Medical image pathology localization typically relies on labor-intensive expert annotations and exhibits poor generalization. To address this, we propose AFLoc, a multimodal vision-language model that introduces the first contrastive learning framework based on hierarchical semantic structures, enabling annotation-free pathology localization and clinical diagnosis without image-level labels. Methodologically, AFLoc integrates multi-granularity report–image semantic alignment, joint vision–language embedding, and cross-modal self-supervised representation learning—supporting zero-shot transfer across X-ray, histopathological, and fundus imaging, as well as open-set pathology recognition. Evaluated on six external datasets covering 20 thoracic pathologies, AFLoc achieves state-of-the-art performance. Its cross-modal localization accuracy surpasses human expert baselines. Moreover, AFLoc significantly reduces clinical annotation costs while enhancing robustness and deployability in open-world settings.

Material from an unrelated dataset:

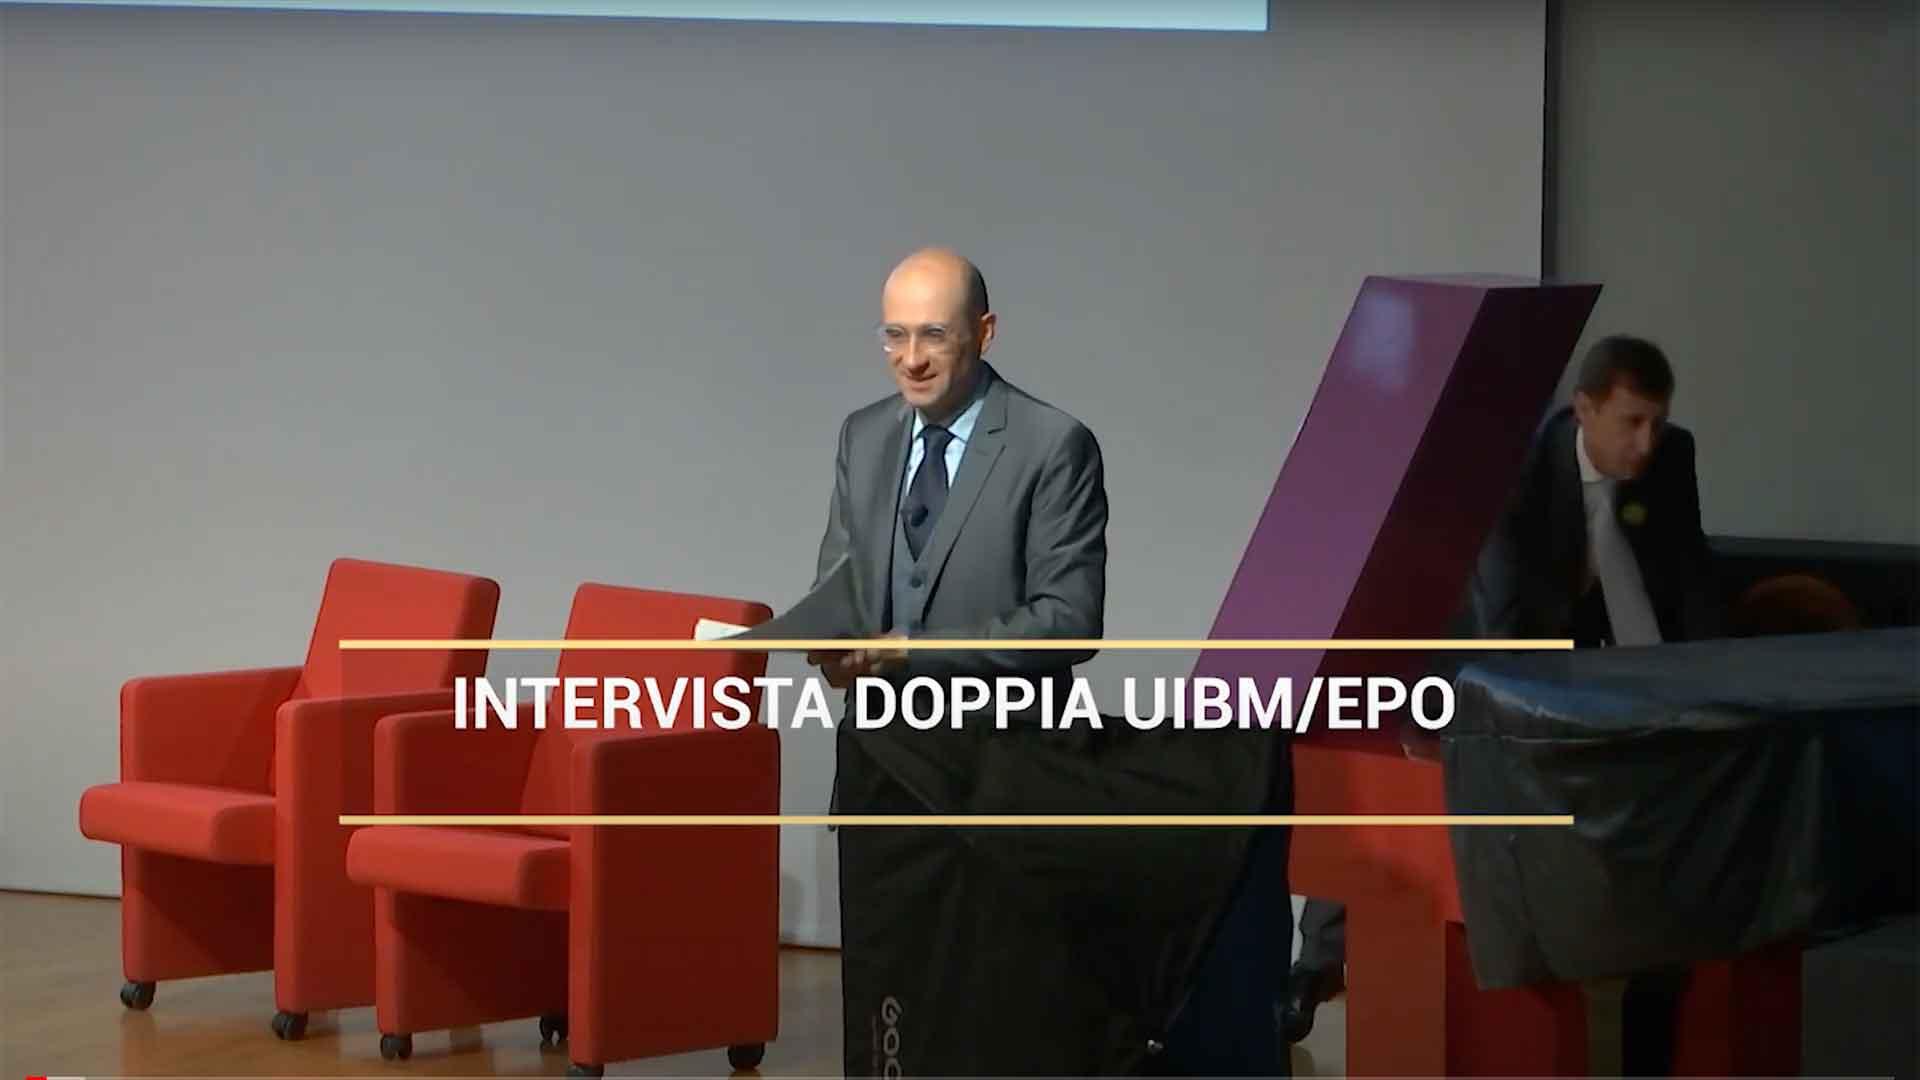 Intervista-doppia-thumbnail

Defining pathologies automatically from medical images aids the understanding of the emergence and progression of diseases, and such an ability is crucial in clinical diagnostics. However, existing deep learning models heavily rely on expert annotations and lack generalization capabilities in open clinical environments. In this study, we present a generalizable vision-language model for Annotation-Free pathology Localization (AFLoc). The core strength of AFLoc lies in its extensive multi-level semantic structure-based contrastive learning, which comprehensively aligns multi-granularity medical concepts from reports with abundant image features, to adapt to the diverse expressions of pathologies and unseen pathologies without the reliance on image annotations from experts. We conducted primary experiments on a dataset of 220K pairs of image-report chest X-ray images, and performed extensive validation across six external datasets encompassing 20 types of chest pathologies. The results demonstrate that AFLoc outperforms state-of-the-art methods in both annotation-free localization and classification tasks. Additionally, we assessed the generalizability of AFLoc on other modalities, including histopathology and retinal fundus images. Extensive experiments show that AFLoc exhibits robust generalization capabilities, even surpassing human benchmarks in localizing five different types of pathological images. These results highlight the potential of AFLoc in reducing annotation requirements and its applicability in complex clinical environments.